重金属酸性雨が降りしきる夜。照明の明るさを絞った寝室で、グラスキャットはネコめいて丸まり、寝込んでいた。……今日はトラベラーと一緒にインテリア・ショップに行き、目当てのクッションを買うはずだったのだが、折悪しくグラスキャットが風邪を引いたため「それは休め」とトラベラーが予定を取りやめたのだ。

『それ以上悪化しないように、大人しく家で寝てなさい。わかったね』トラベラーはそう言って通話を切ってしまった。グラスキャットはなんだか寂しい気持ちになった。

いつもトラベラーは何かと家に来たり、行動を共にしたがる。世話を焼きに来たり、かと思えば「焼かれ」に来たりもする。さらに、体調を崩した時には、知らせてもいないのに差し入れを持ってくる。

盗聴器や発信機の類でも仕掛けられているのだろうか?無論、そんなはずはない。彼女がそういうことをする必要がないのは分かっている。だが、もしかしたら、と、風邪をひいて弱った頭はネガティヴな想像力を働かせ、存在しないであろう悪意を見つけようとしてしまう。

「ウウー……」グラスキャットは小さく呻き、ベッドから起き上がった。ベッドを降りるのは今は無理そうだ。「ウウーッ……」せめて水分を摂ろうとしたが、ペットボトルは空だ。「ウウー……」空腹も手伝って、本格的に寂しくなってきた。トラベラーはオフのタイミングを合わせて行くはずだったから、彼女もオフのはずだ。

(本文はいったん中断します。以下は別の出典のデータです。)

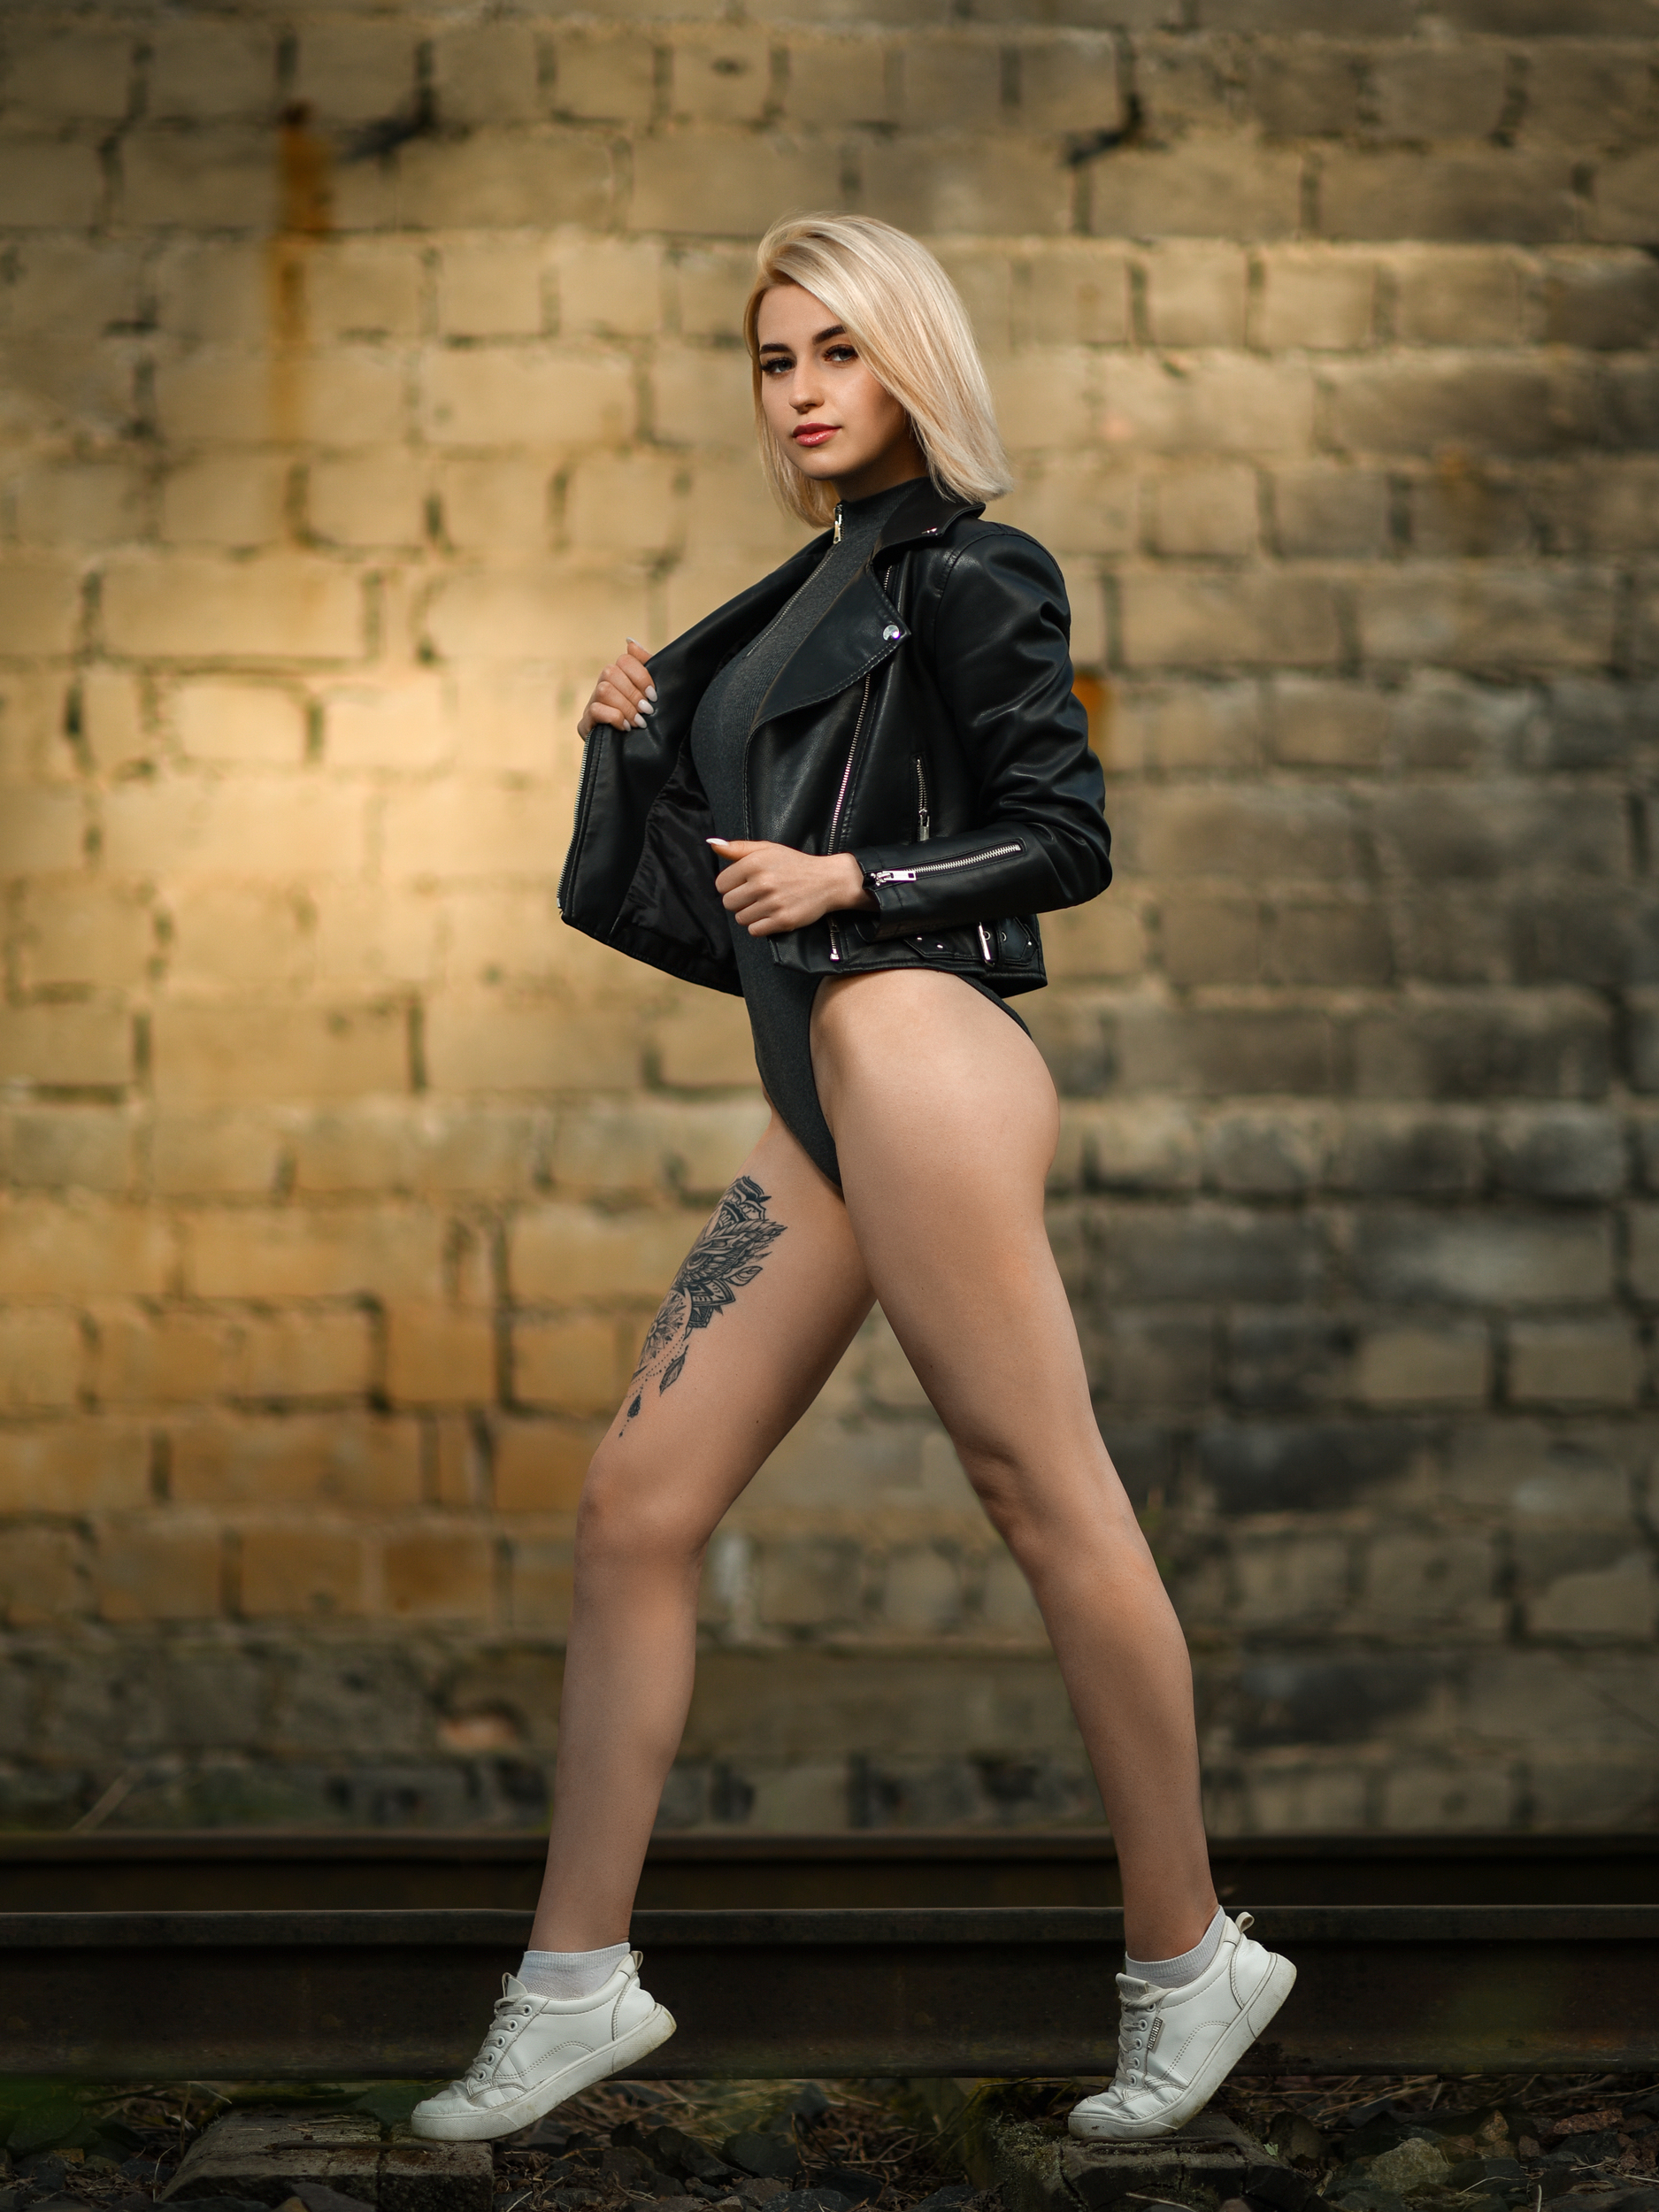 nu portrait girl topless dmitrymedved, Медведь Дмитрий

つまり、来ようと思えば来られる。(来ないかな)グラスキャットは毛布を丸めた。もはや「いることが普通」とまで思えてしまうのは、ネオサイタマでは良くない心構えだ。明日どうなっているかなど分からない、そういう街なのだ。グラスキャットは悲しくなり、毛布を抱きしめた。(来ないかな……)

その時、端末がIRCメッセージを受信した。
『Midori:歩けるか。Y/N』
グラスキャットは素早く返信した。
『glscat:N』

『Midori:空腹か。Y/N』
グラスキャットは期待を込めて素早く返信した。
『glscat:Y』

程なくして来客を知らせるチャイムが鳴り、ドアを開ける音がした。続いて改造モーターチイサイの「ヒカリ」が頭上にタマゴスシのホログラム映像を投影しながら飛んできた。

『重点……重点……』ヒカリはホタルめいて淡いグリーンに点滅しながら、ゆっくりとグラスキャットの周りを旋回した。「アレ、トラベラー=サンは……?」『ヌンヌン……すぐに来ます』ヒカリの側面からふわふわしたアームが伸び、グラスキャットの頭を撫でた。初めて見る機能だ。

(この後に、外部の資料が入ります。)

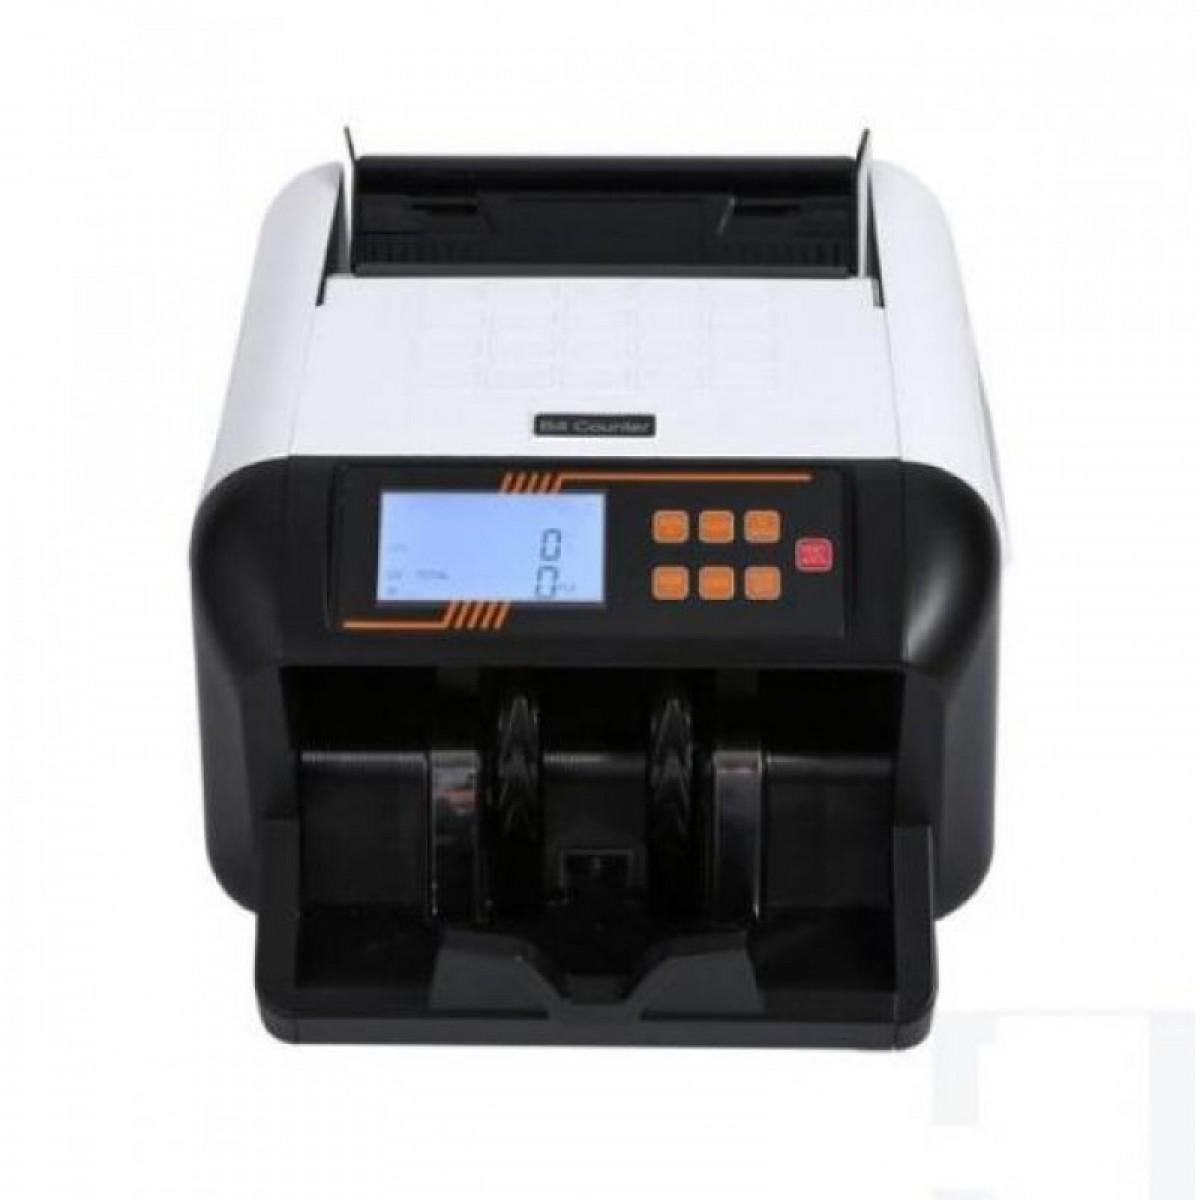 Bill counter 555C Μετρητής και Ανιχνευτής Πλαστών Χαρτονομισμάτων

『義体を待ちきれないので、付けてもらいました。良いですか?』「ウン、良いね」自慢げなヒカリにグラスキャットは微笑みながら、部屋の照明を明るくした。直後、再び来客を知らせるチャイムが鳴り、ドアを開ける音がした。

グラスキャットは警戒した。普段トラベラーが来る時は確かにチャイムは鳴らすが、ドアを開ける音はしたことがない。「誰……」『マスターです』ヒカリがグラスキャットの頭を撫でた。『必要なのでドアを開けています』「普段は必要ないのかい?」グラスキャットは撫でられながら困惑した。

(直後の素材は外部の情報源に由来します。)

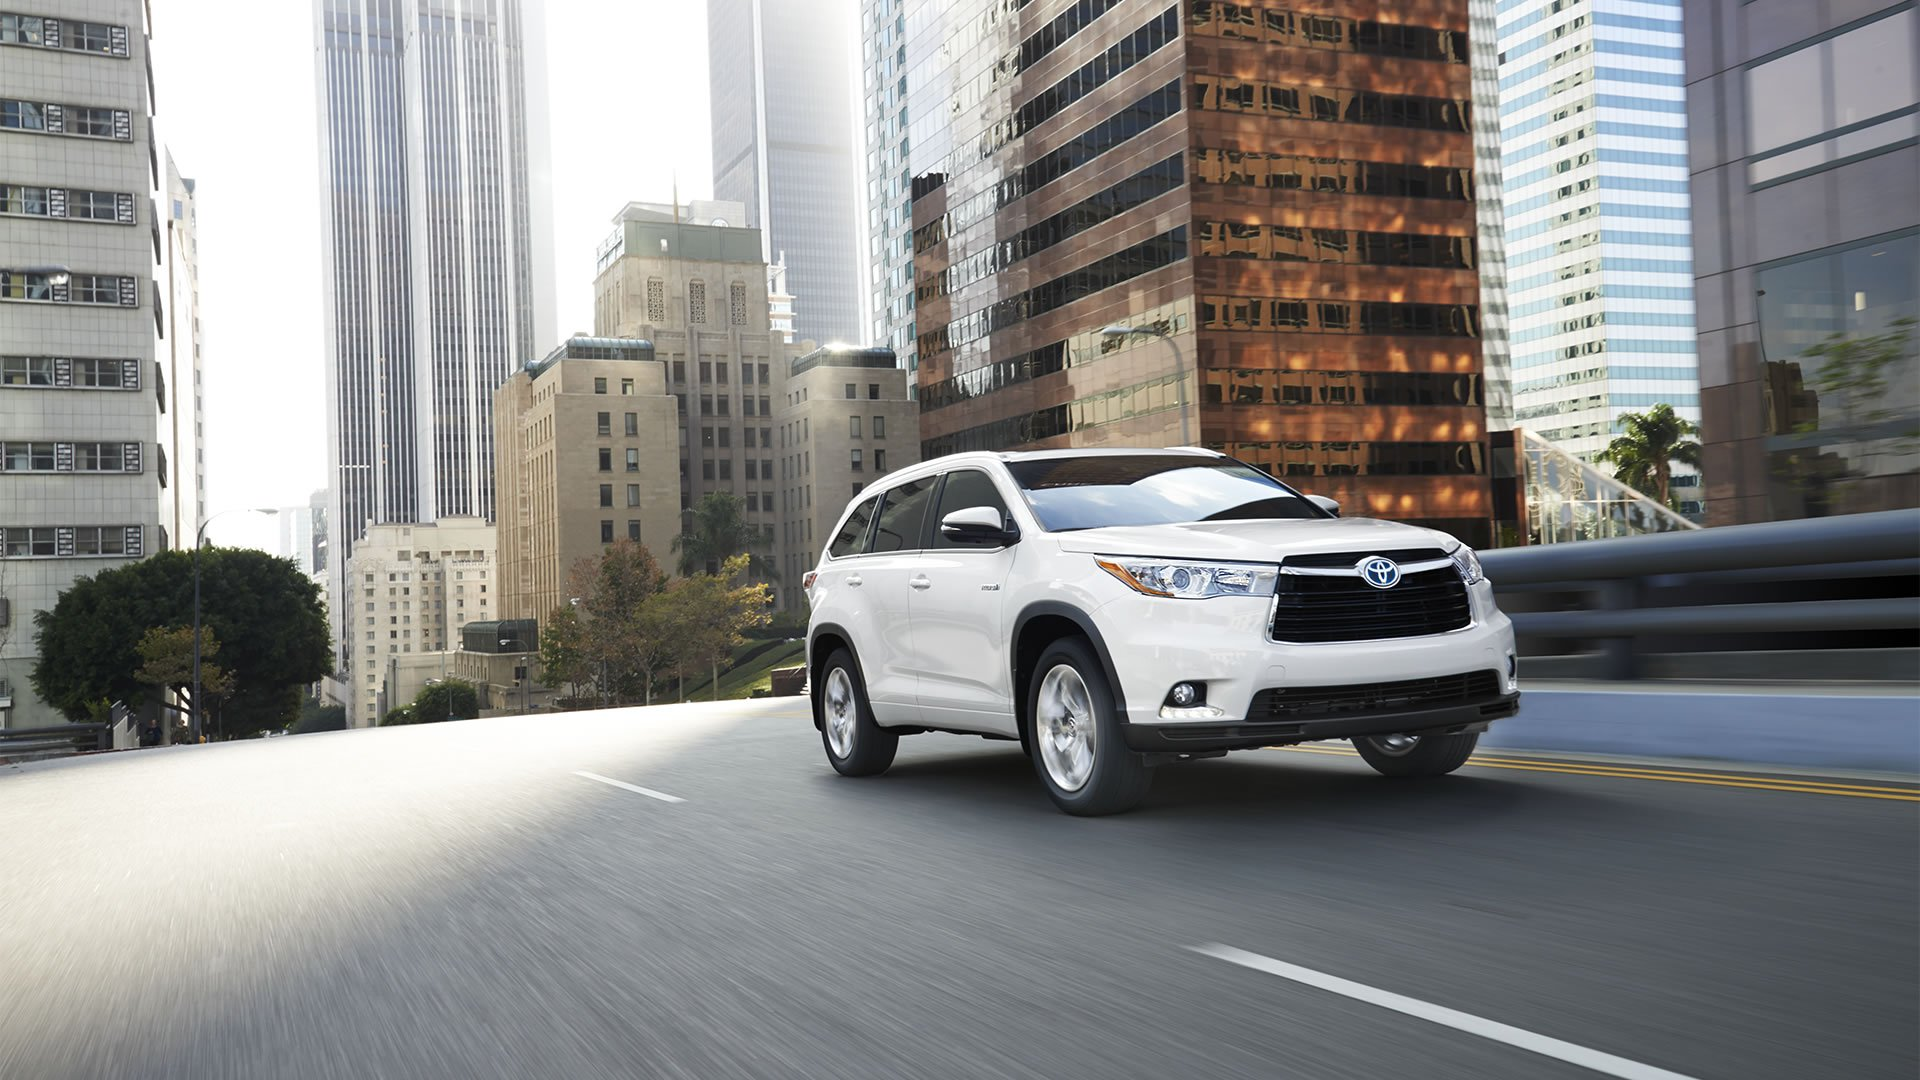 Toyota Dealership Serving Des Moines IA Sales Lease Service - Toyota dealership hours

物音、足音ののち現れたのは、確かにトラベラーだった。「やあ、私だ。スシとか買ってきたから食べようじゃないか。サイドテーブルでは収まらないしリビングにしよう」「ドーモ……エート、じゃあ運ばれるんだね。オネガイシマス」「ウム」トラベラーは妙に嬉しそうに、トラベラーを軽々と抱き上げた。

重いかどうかは、グラスキャットは尋ねない。ニンジャ筋力の前に人体の重さなど些細な問題だからだ。もっとも、トラベラーからは相変わらずニンジャソウル反応を検知できないのだが。「尻尾はいるかね」「ウン」トラベラーはサイバネ尻尾収納棚から部屋専用の尻尾を取った。

『ユニット接続確認。異常なし』「よし、アリガト」グラスキャットは慣れた手つきで尻尾を装着し、動作を確認がてらトラベラーに巻きつけた。「何故だ」「確認にちょうどいいから……」「力加減も問題ないし、愛を感じるな」「なんだい、それ」グラスキャットは尻尾を離した。

リビングのテーブルには、スシ・パックとソバ、ロースト・チャ用のポット。そして、ソファにはクッションがセッティングされていた。「これ!」グラスキャットは尻尾を伸ばし、クッションを絡め取って引き寄せた。「よく見るといい。とりあえず降ろすから抱いてごらん」「ウン」

グラスキャット好みのサラサラとした手触り、高密度の綿、硬すぎず柔らかすぎない抱き心地。渋めのモスグリーンが目にも優しい。暫し堪能してから、グラスキャットは我に返ってトラベラーにオジギした。「アリガト、トラベラー=サン。いいのかい?」「良いとも」

微笑みながら、トラベラーはロースト・チャの入ったユノミを差し出した。「ドーモ」「治ったら、もう一個くらい買いに行こう。やたら色があるし、すごいから」「ウン」グラスキャットはいつもより深い色のチャに息を吹き、啜った。濃い目のチャも良いものだと思った。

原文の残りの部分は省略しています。